# ACTIVITY
As the answer, return precisely the lines from the one containing "Rocamadour - village" to the final line of the material below, inclusive, and omit every picture.

# SOURCE MATERIAL
------------------------------------------------------------------------
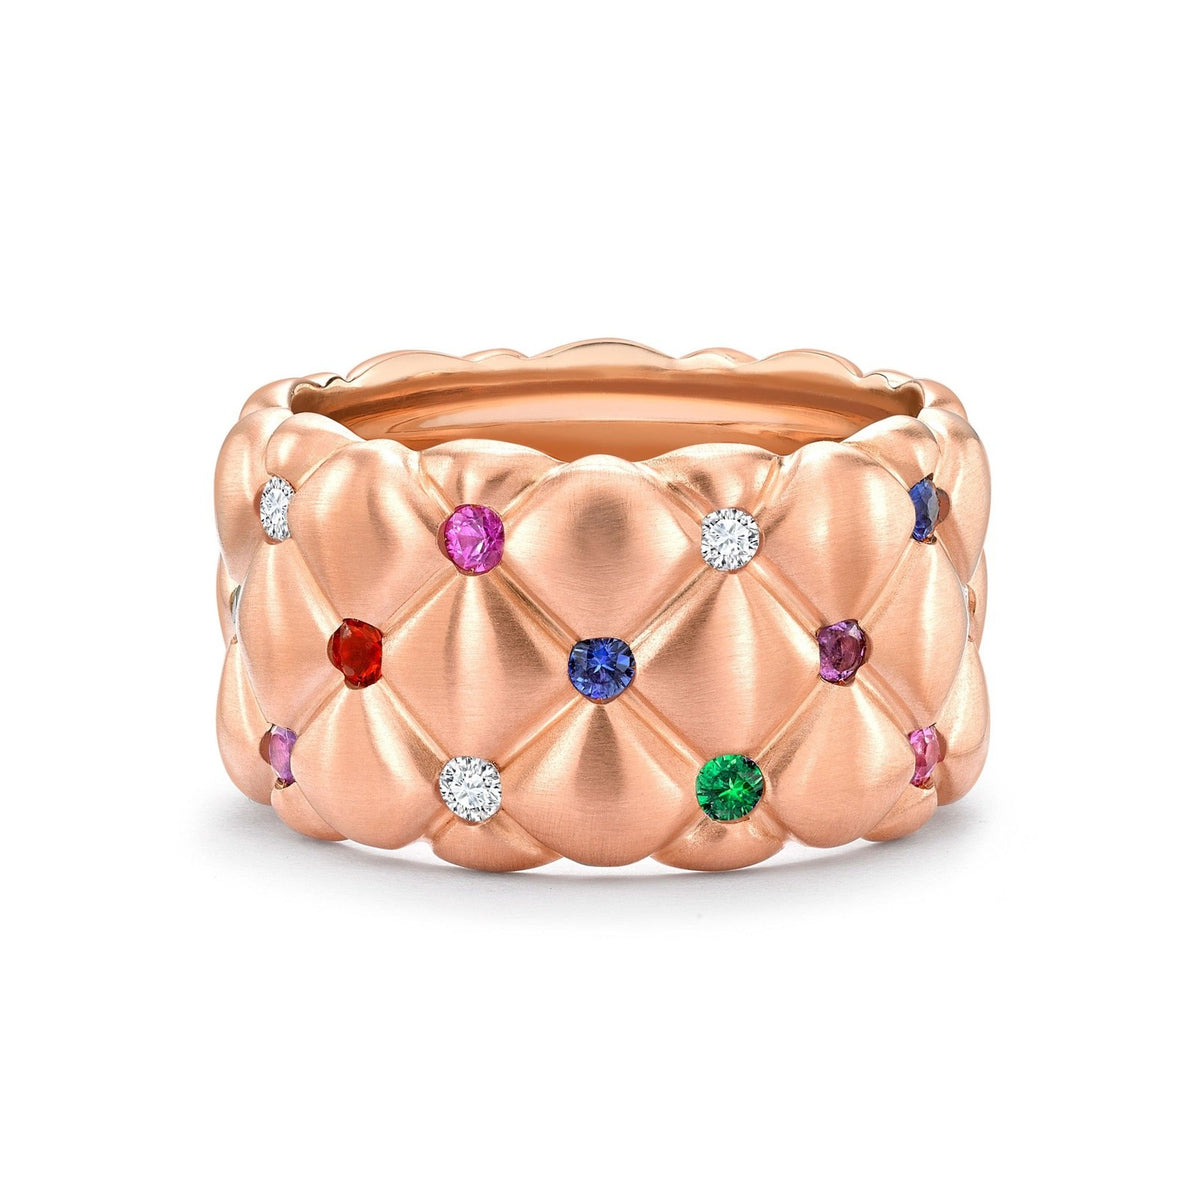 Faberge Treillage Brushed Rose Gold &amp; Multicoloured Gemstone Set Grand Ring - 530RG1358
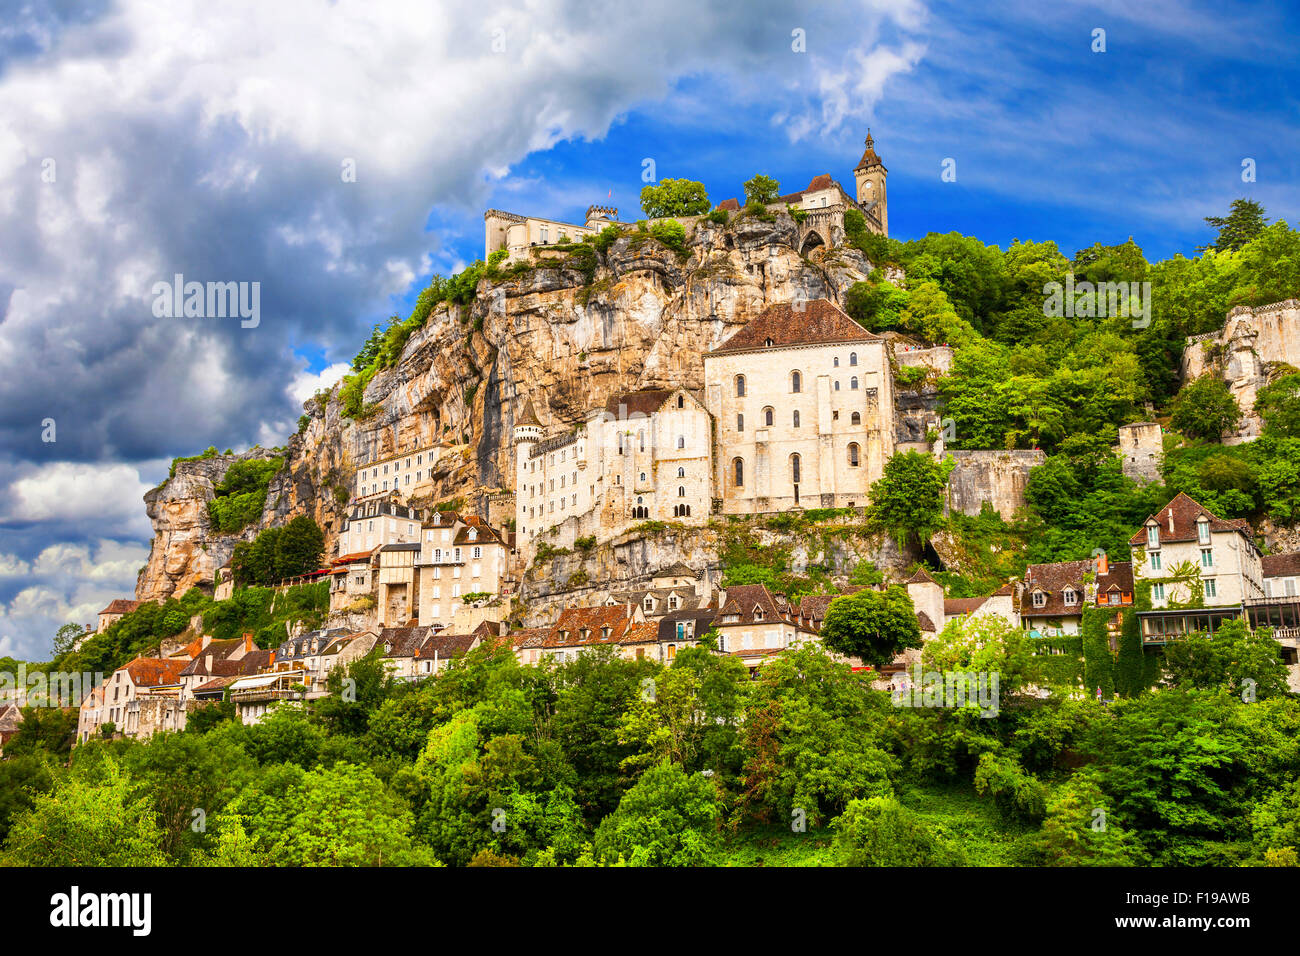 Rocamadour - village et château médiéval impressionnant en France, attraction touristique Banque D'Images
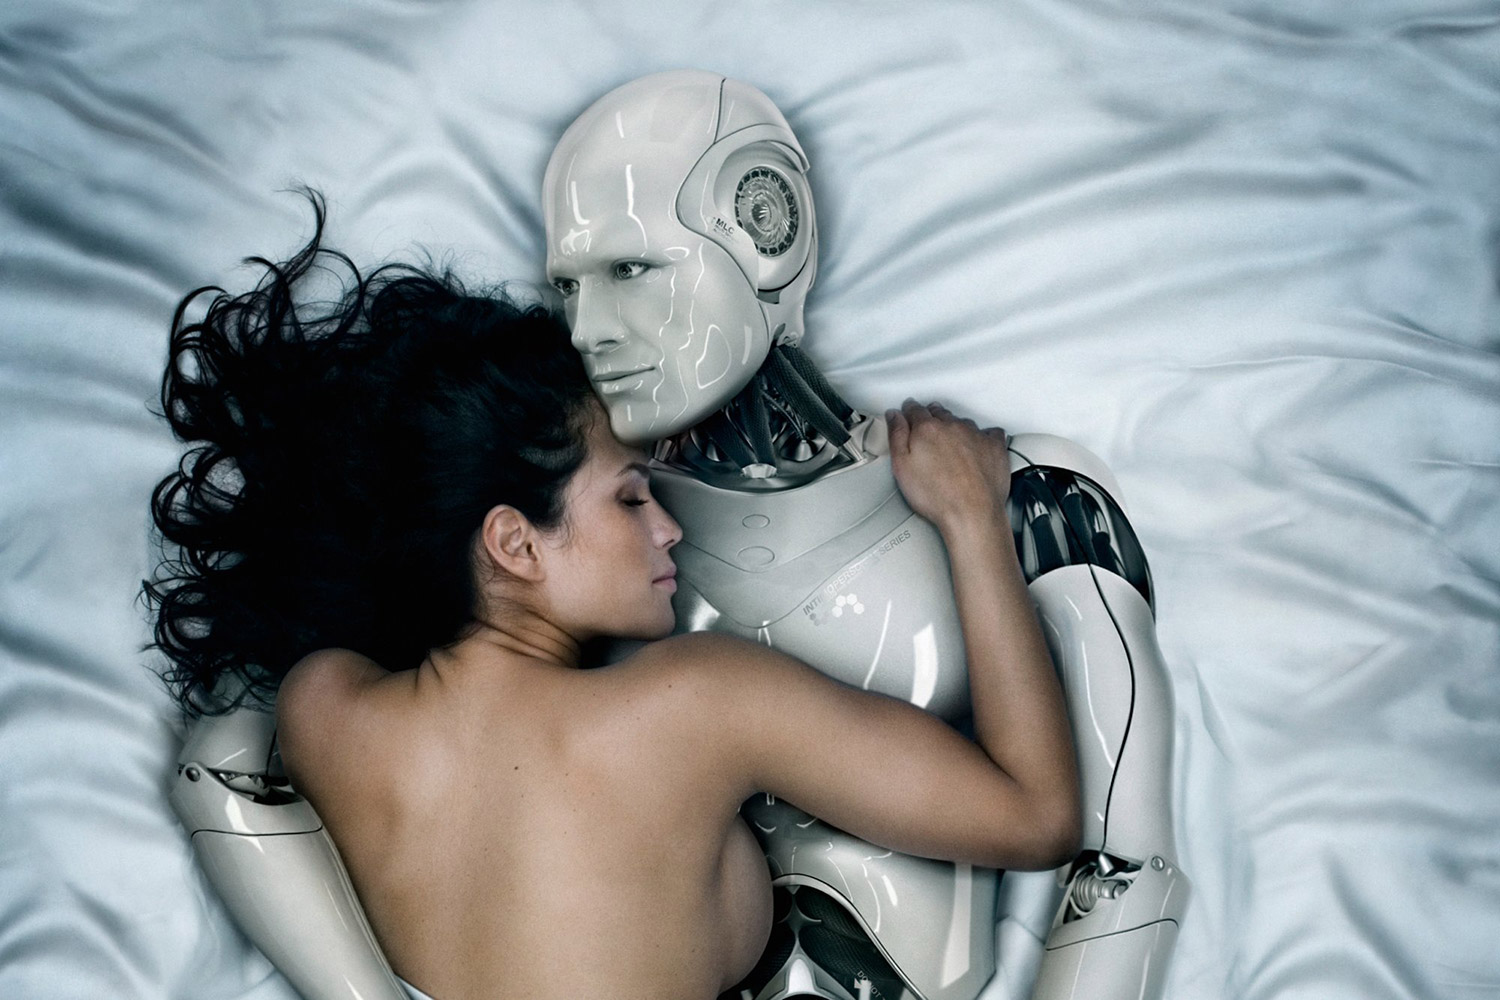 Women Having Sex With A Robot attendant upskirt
------------------------------------------------------------------------
# ANSWER TO THIS TASK
 Rocamadour - village et château médiéval impressionnant en France, attraction touristique Banque D'Images
 Women Having Sex With A Robot attendant upskirt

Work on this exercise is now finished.